If you’re in Australia, and more so in Canberra, it’s been hard to miss the headlines today exposing the poor workplace culture found in Parliament House. The lack of accountability, the power imbalance, the work hard-play hard culture has been called out with one in three employees claiming they have been subject to some form of discrimination or workplace bullying.


These are big, ugly and scary numbers.


Numbers that MUST precede significant change.


Change, especially that of organisational culture, however, can be slow. It requires a level of courage and bravery that requires those involved to go against the grain. To stand up and risk being the only one willing to do so. To give up personal advantage for the benefit of the group. To commit to a zero tolerance of borderline behaviour. To be in it for the long haul.

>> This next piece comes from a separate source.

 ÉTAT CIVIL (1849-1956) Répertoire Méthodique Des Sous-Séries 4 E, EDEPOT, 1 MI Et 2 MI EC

After all organisational culture is like a strong current. It’s REALLY hard to swim against. Organisational theory tells us organisational culture will do one of three things to us.

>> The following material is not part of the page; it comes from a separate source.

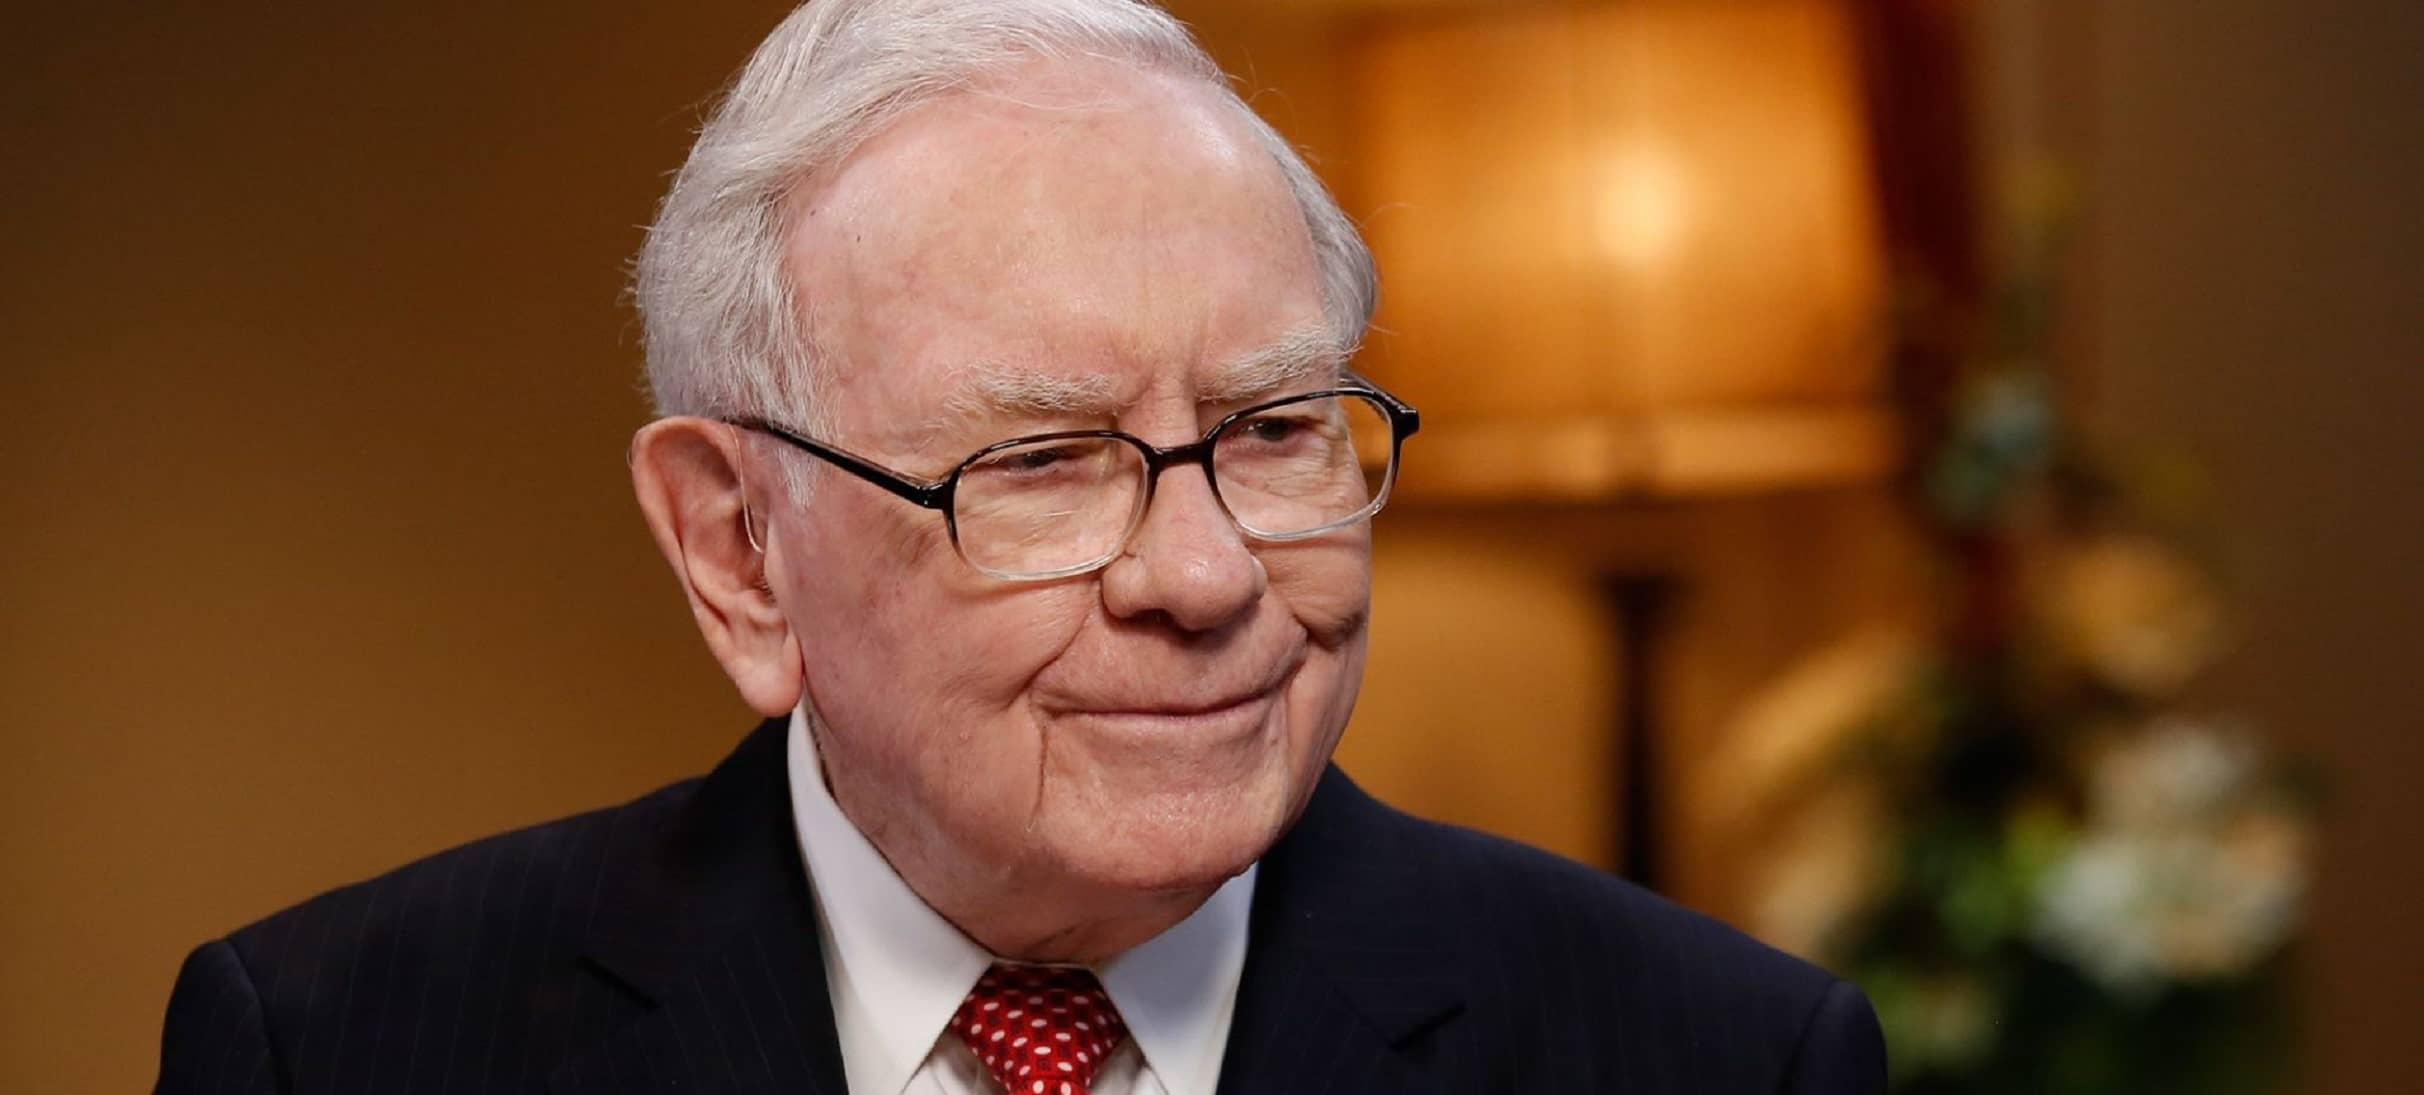 Quem é Warren Buffett? – Grandes empresários #1

1. You’ll be a great fit and align easily to the cultural norms.

2. You’ll make personal changes and adapt to it to fit in and be accepted.

3. You’ll be rejected by it, and either leave or be forced to leave.


You see the cultural norms that exist in organisations are steeped in tradition and history. They are the “things” that happen between the spaces that are taken up with values, polices and procedures. It’s the “way we do things around here”. They are the unwritten, unspoken rules.


But cultural norms, and organisational culture as a subset of this, are more than this. In our traditional institutions in particular, they are the pervasive beliefs that our society has been built on. These include those that see women as “lesser than”.


When we take a journey through the history books, we can see how this belief has seeped into every part of our lives.

  • The earliest legal codes had women as the possession of men - firstly their fathers and then their husbands.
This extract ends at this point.